Records provided
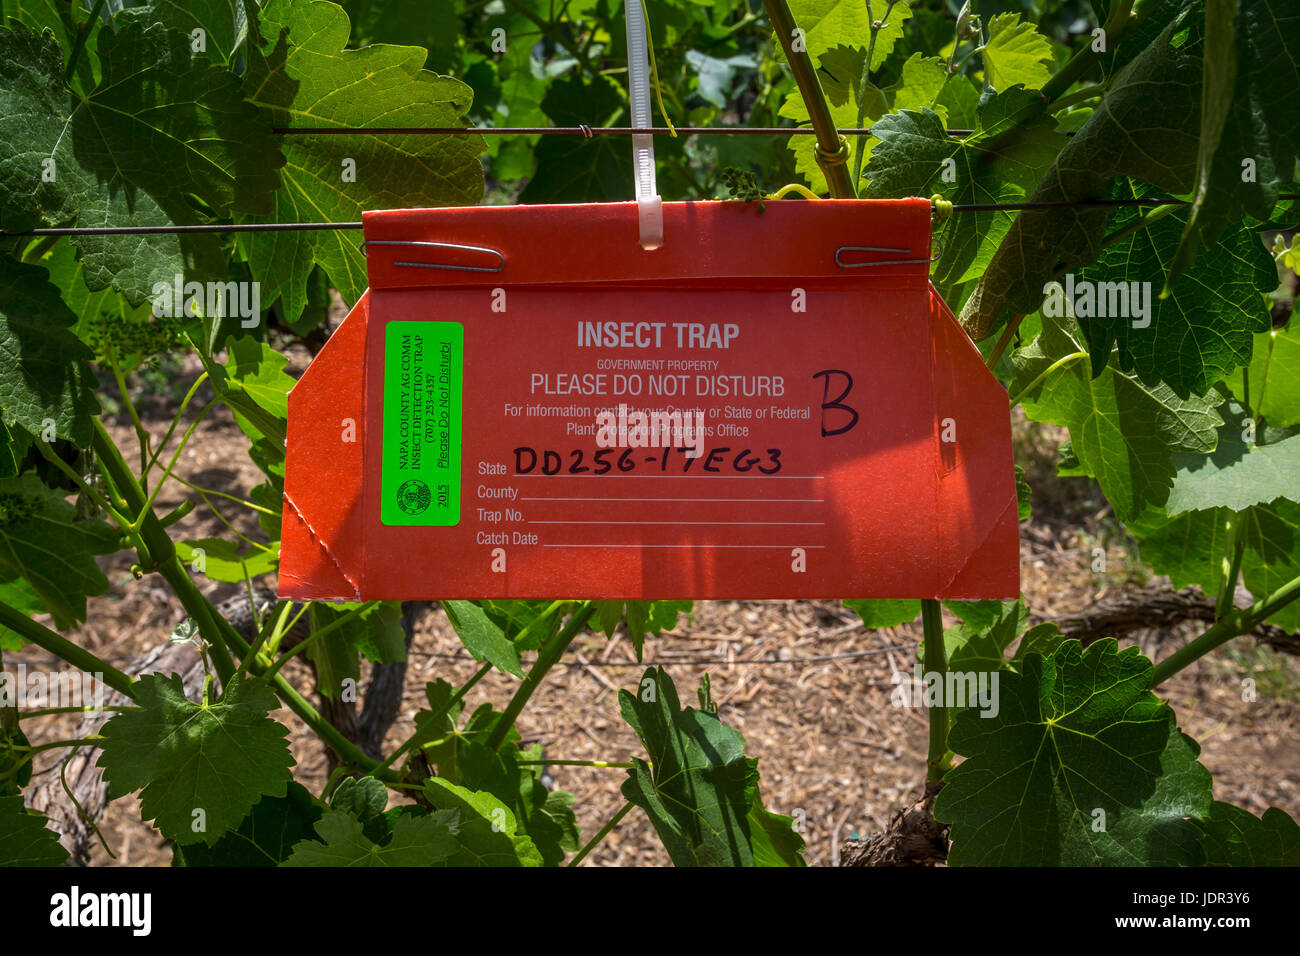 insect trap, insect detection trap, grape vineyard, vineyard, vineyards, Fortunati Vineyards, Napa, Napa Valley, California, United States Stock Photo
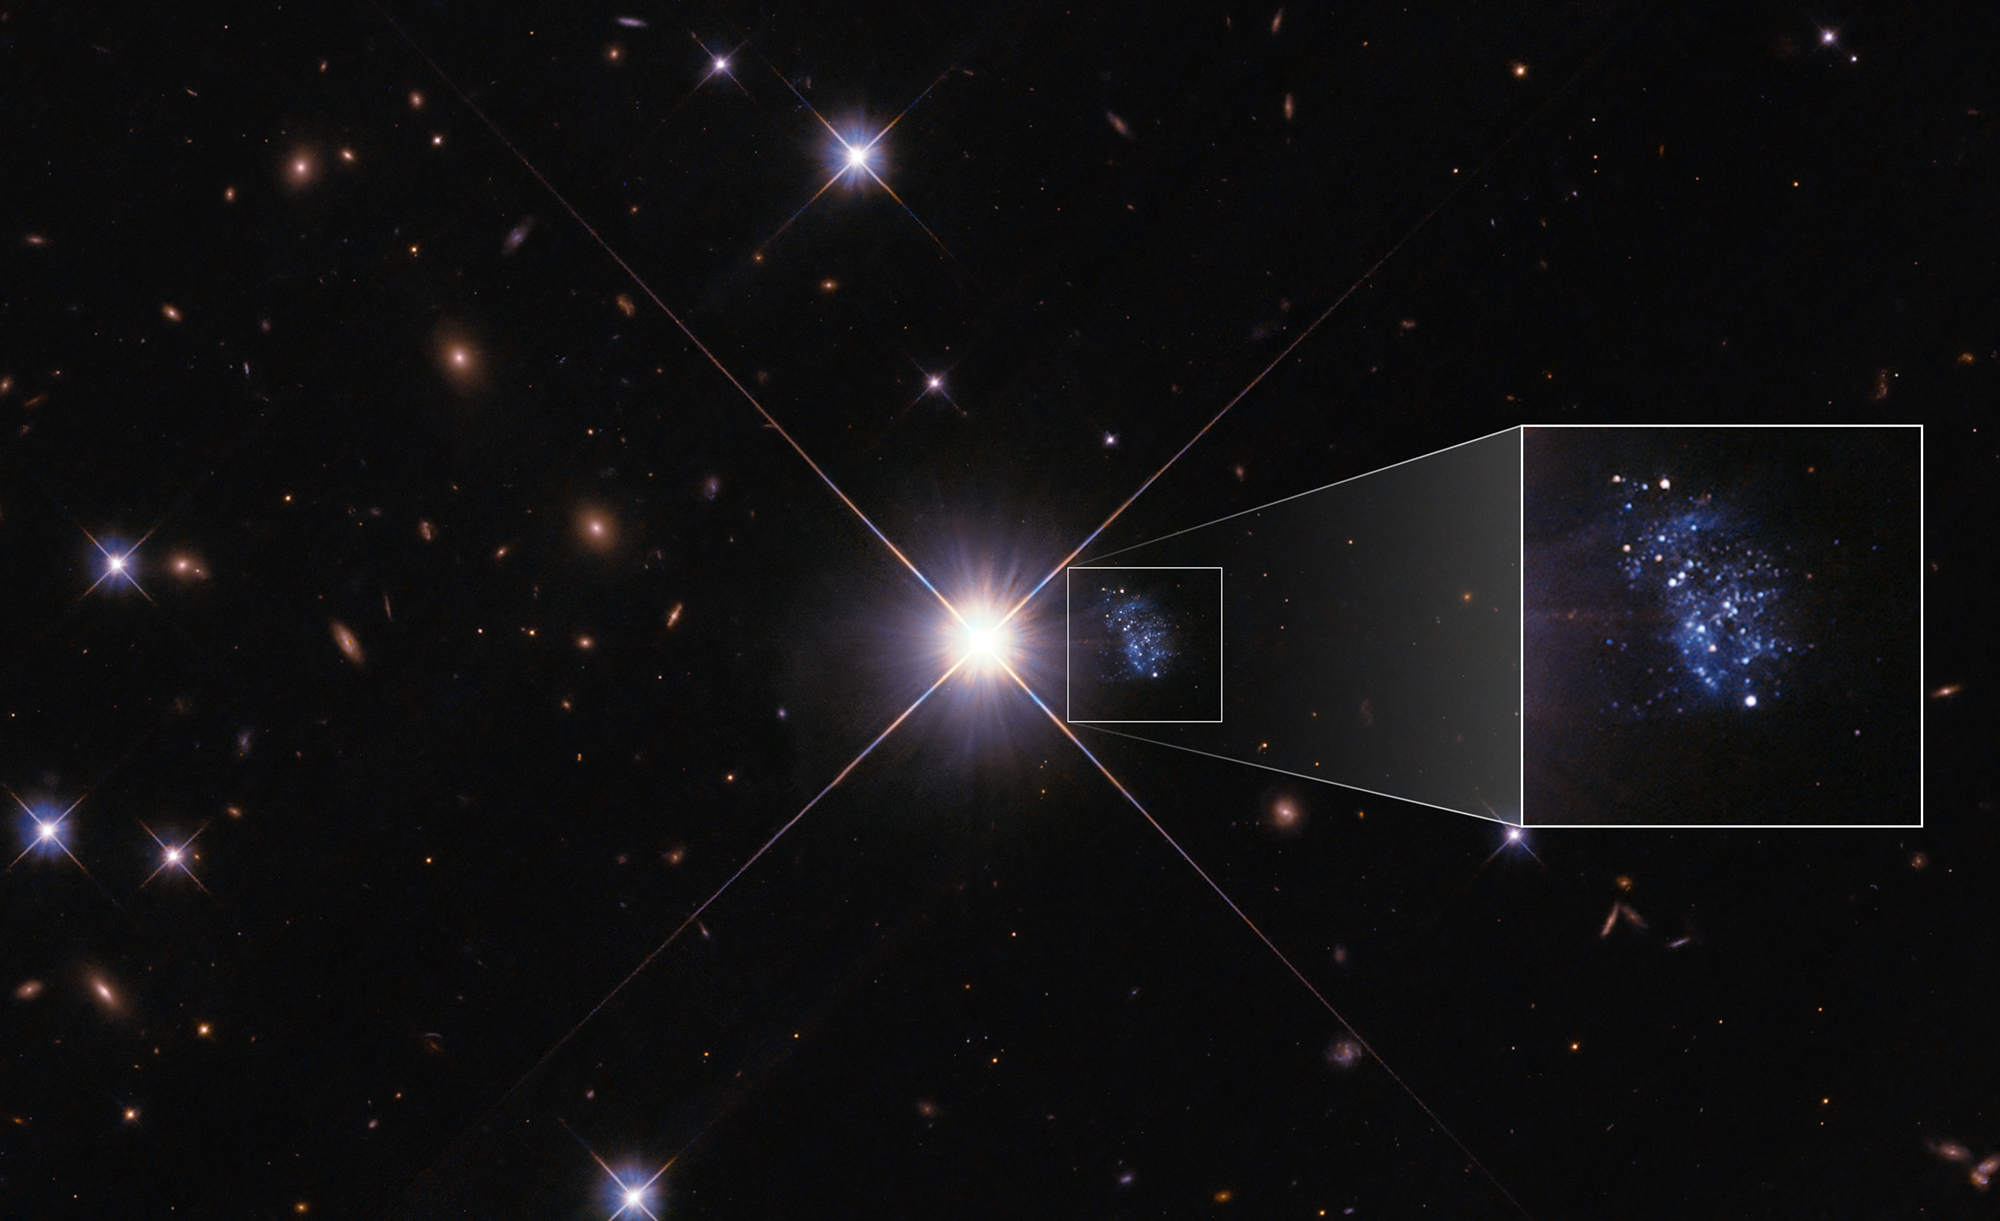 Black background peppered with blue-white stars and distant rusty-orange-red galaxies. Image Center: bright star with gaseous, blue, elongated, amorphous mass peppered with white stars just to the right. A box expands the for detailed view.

...

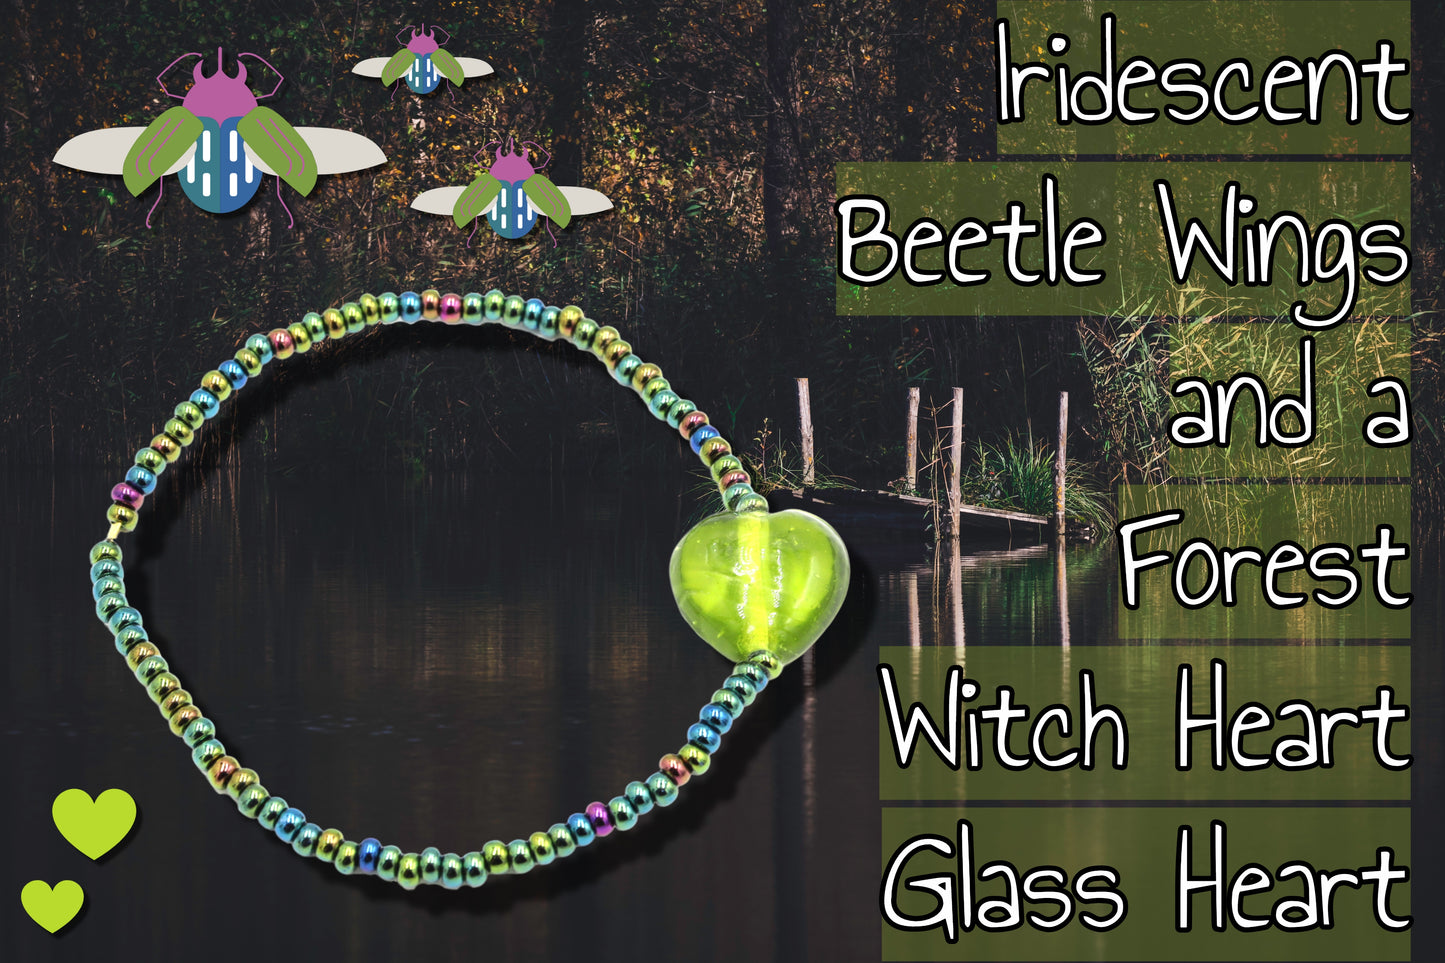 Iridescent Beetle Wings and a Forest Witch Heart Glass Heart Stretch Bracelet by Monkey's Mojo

Problem requirements
Above, find the line with "insect trap, insect"; copy it and every line down to the line with "Black background peppered", exactly and both included, but no pictures.

Answer box
 insect trap, insect detection trap, grape vineyard, vineyard, vineyards, Fortunati Vineyards, Napa, Napa Valley, California, United States Stock Photo
 Black background peppered with blue-white stars and distant rusty-orange-red galaxies. Image Center: bright star with gaseous, blue, elongated, amorphous mass peppered with white stars just to the right. A box expands the for detailed view.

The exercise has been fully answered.